__Exercise objective__
Leaving out all pictures, write down exactly the lines from the one containing "Arbeiten auf einem" through the last line of the material.

__The data__
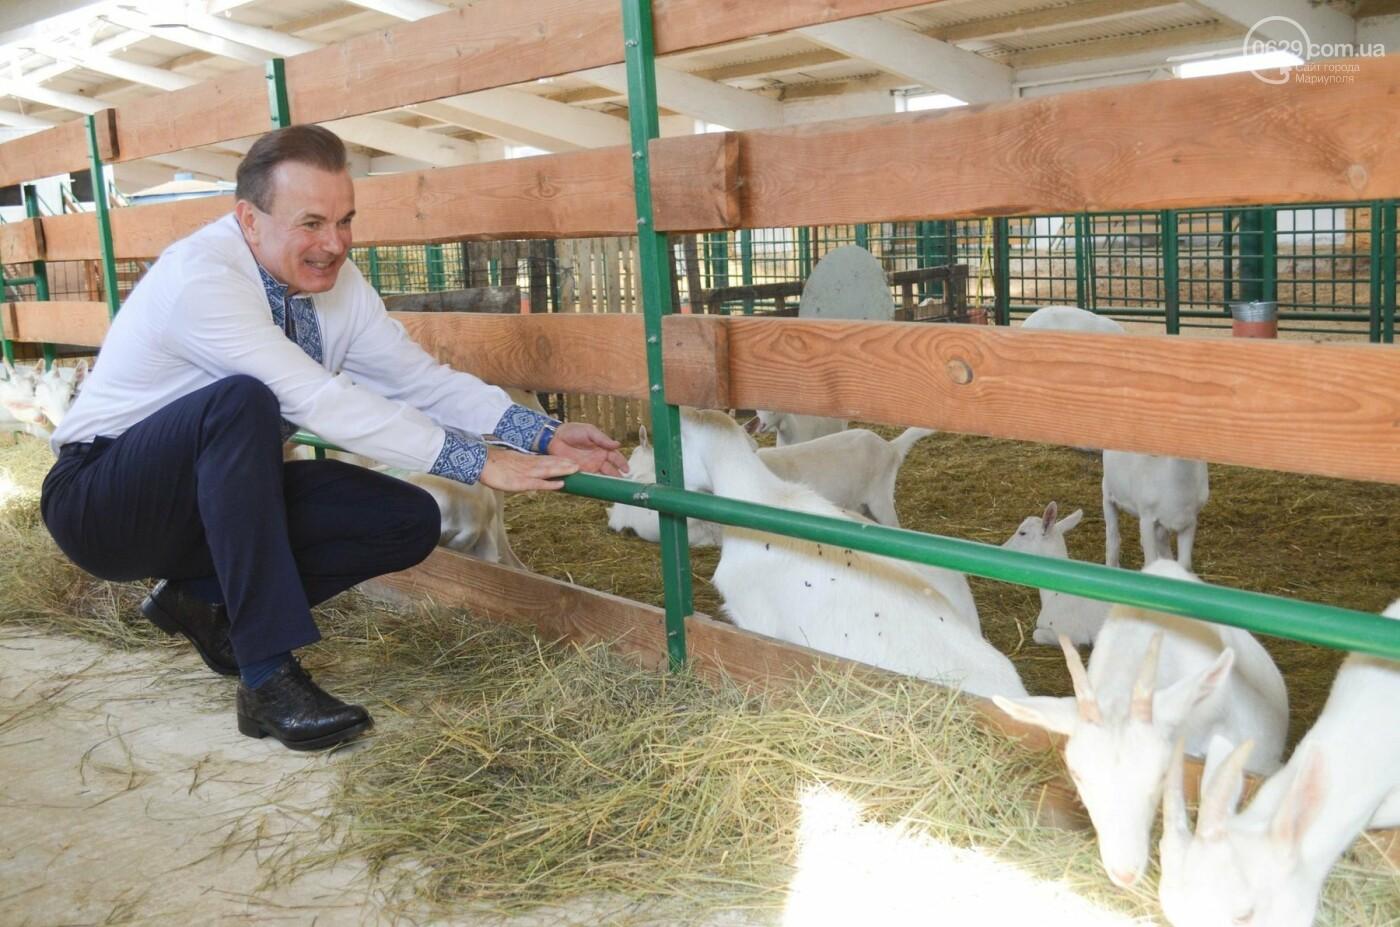 Юрий Тернавский: «Мариупольский молокозавод может напоить молоком каждого жителя Мариуполя и Приазовья», фото-42
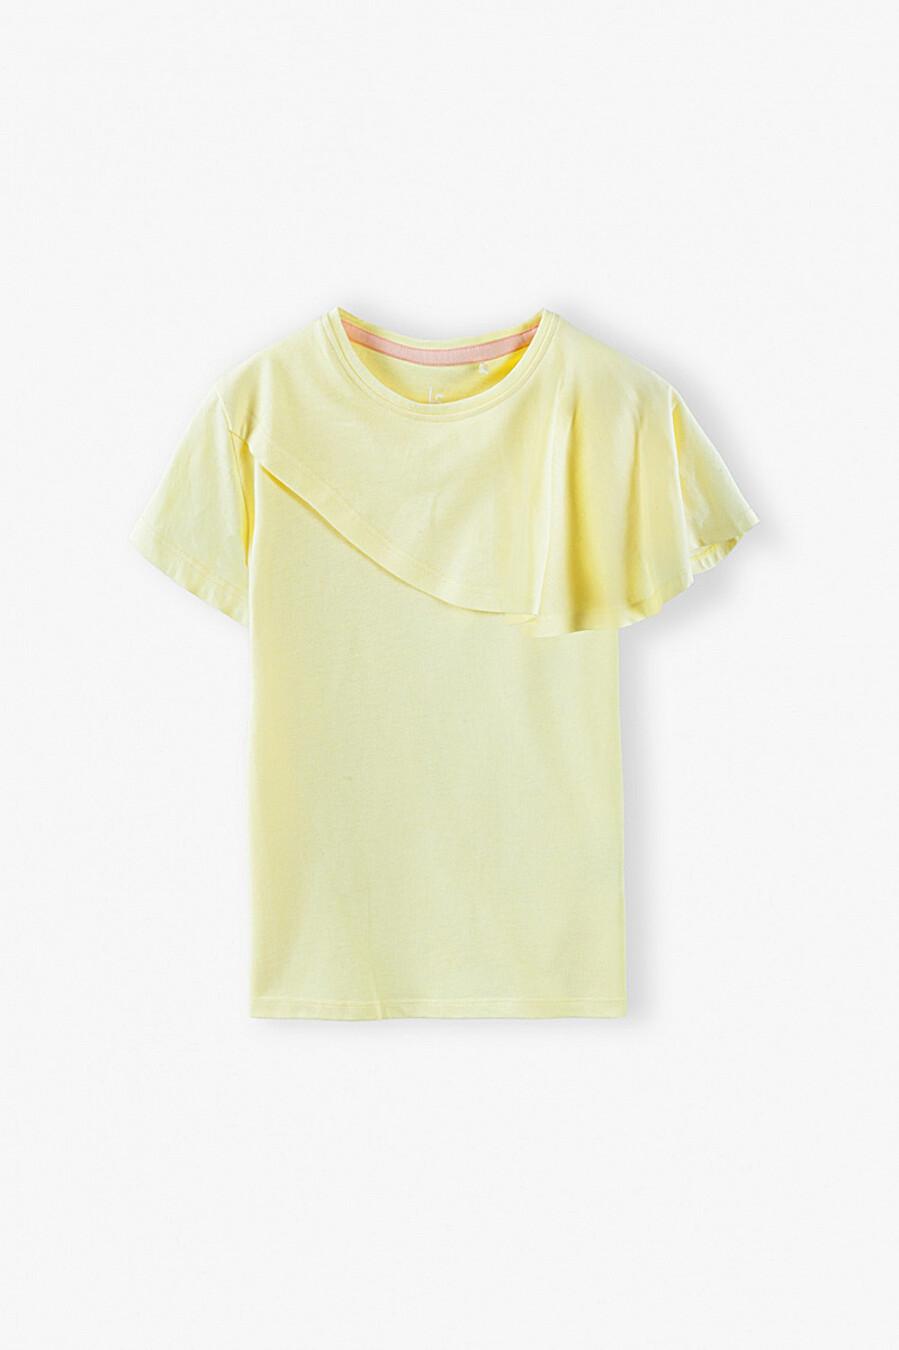 Футболка для девочек 5.10.15 668600 купить оптом от производителя. Совместная покупка детской одежды в OptMoyo
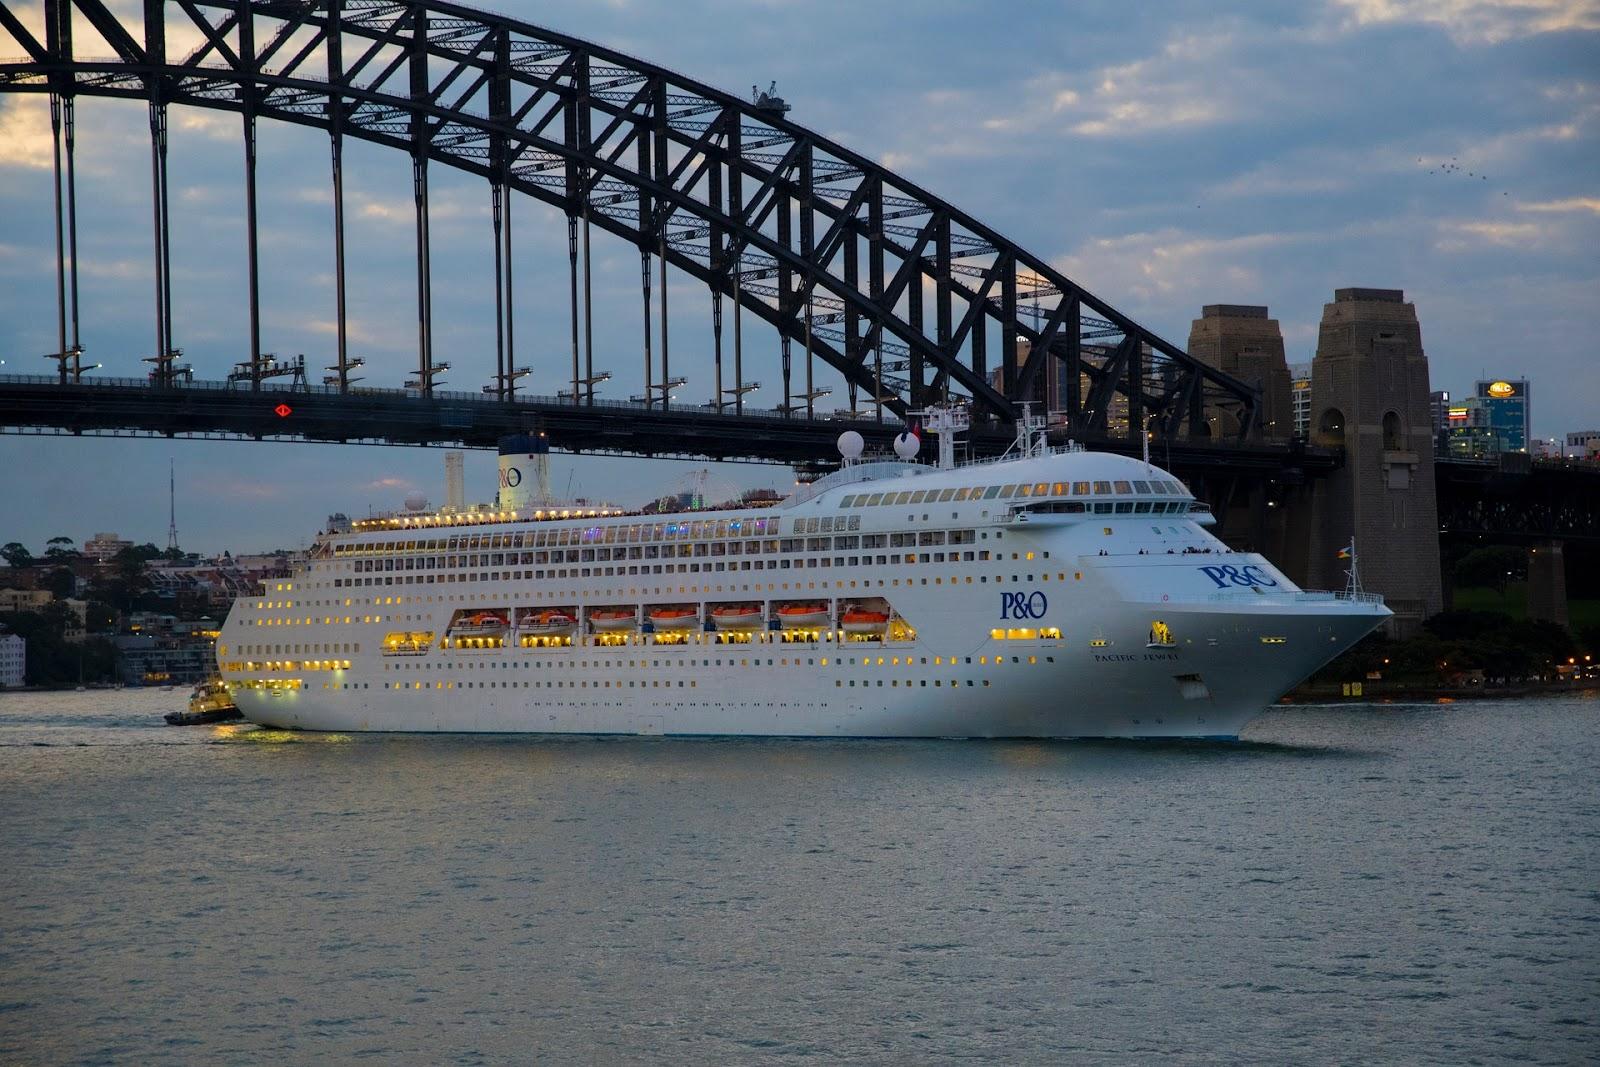 Arbeiten auf einem Kreuzfahrtschiff - ein Traumjob?
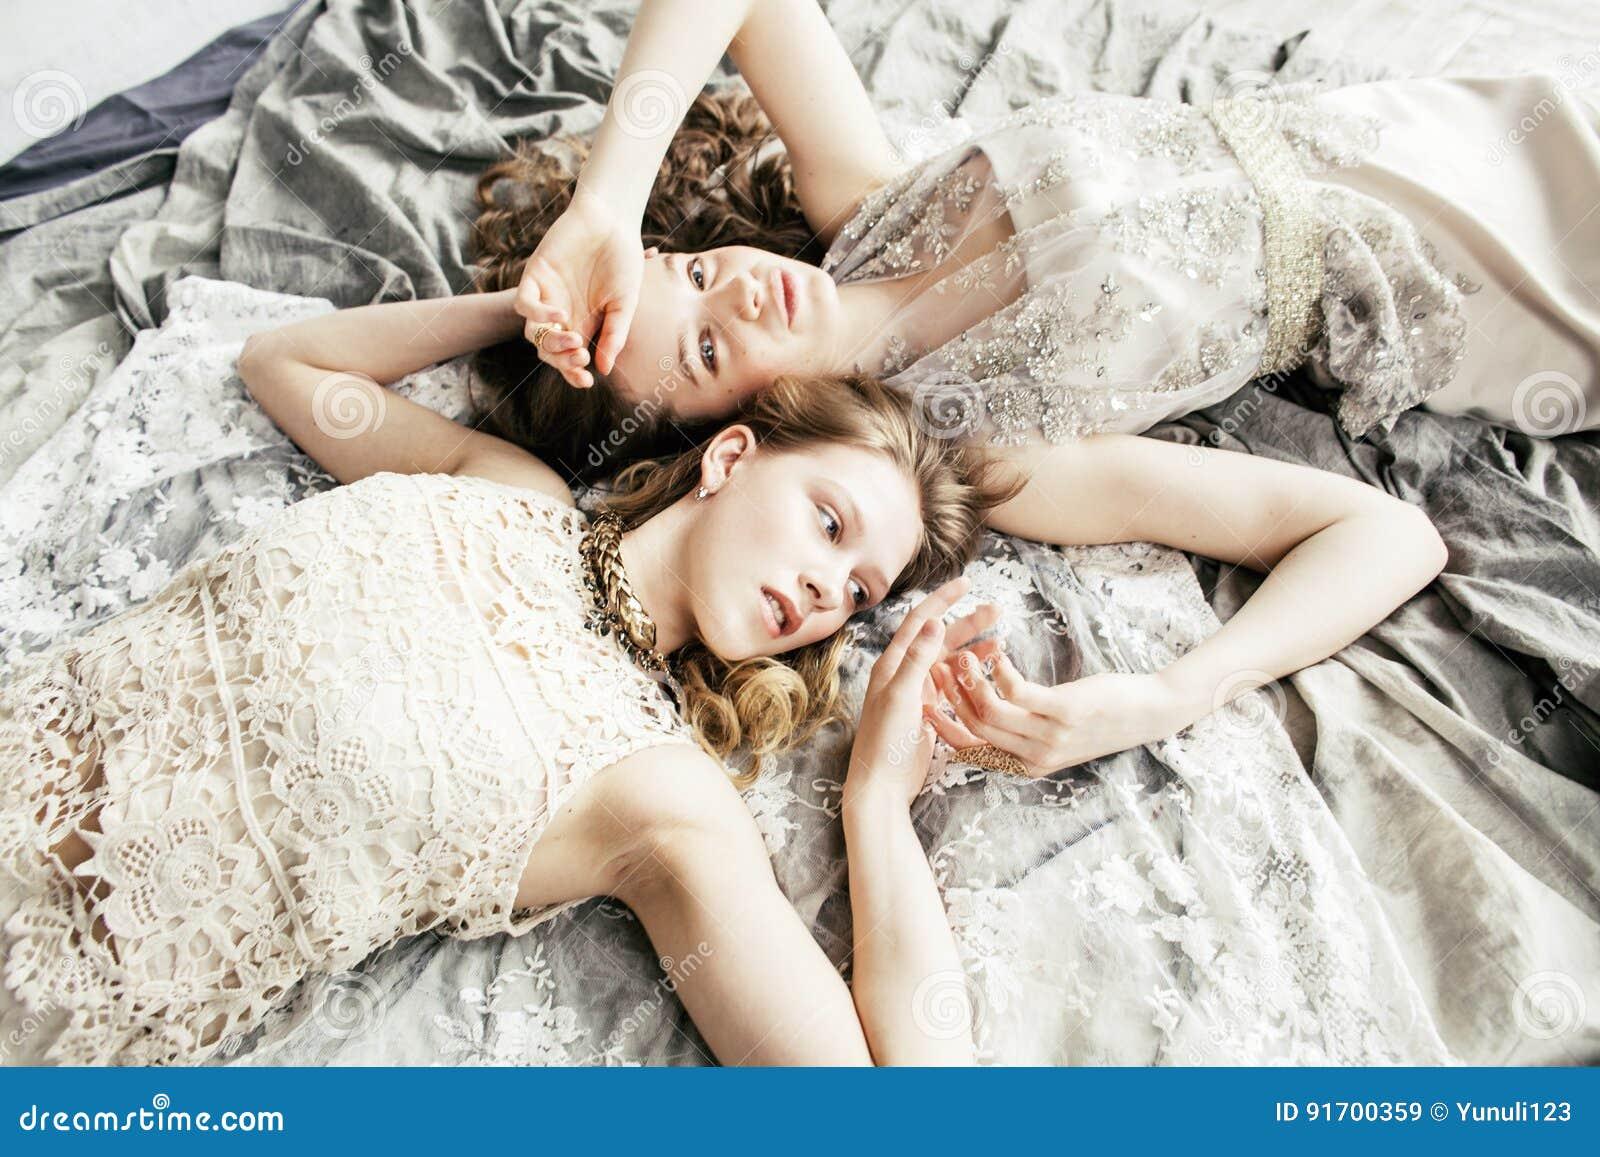 Blond lockig frisyrflicka för nätt tvilling- syster två i lyxig husinre tillsammans, rikt ungdomarbegrepp

__Exercise output__
 Arbeiten auf einem Kreuzfahrtschiff - ein Traumjob?
 Blond lockig frisyrflicka för nätt tvilling- syster två i lyxig husinre tillsammans, rikt ungdomarbegrepp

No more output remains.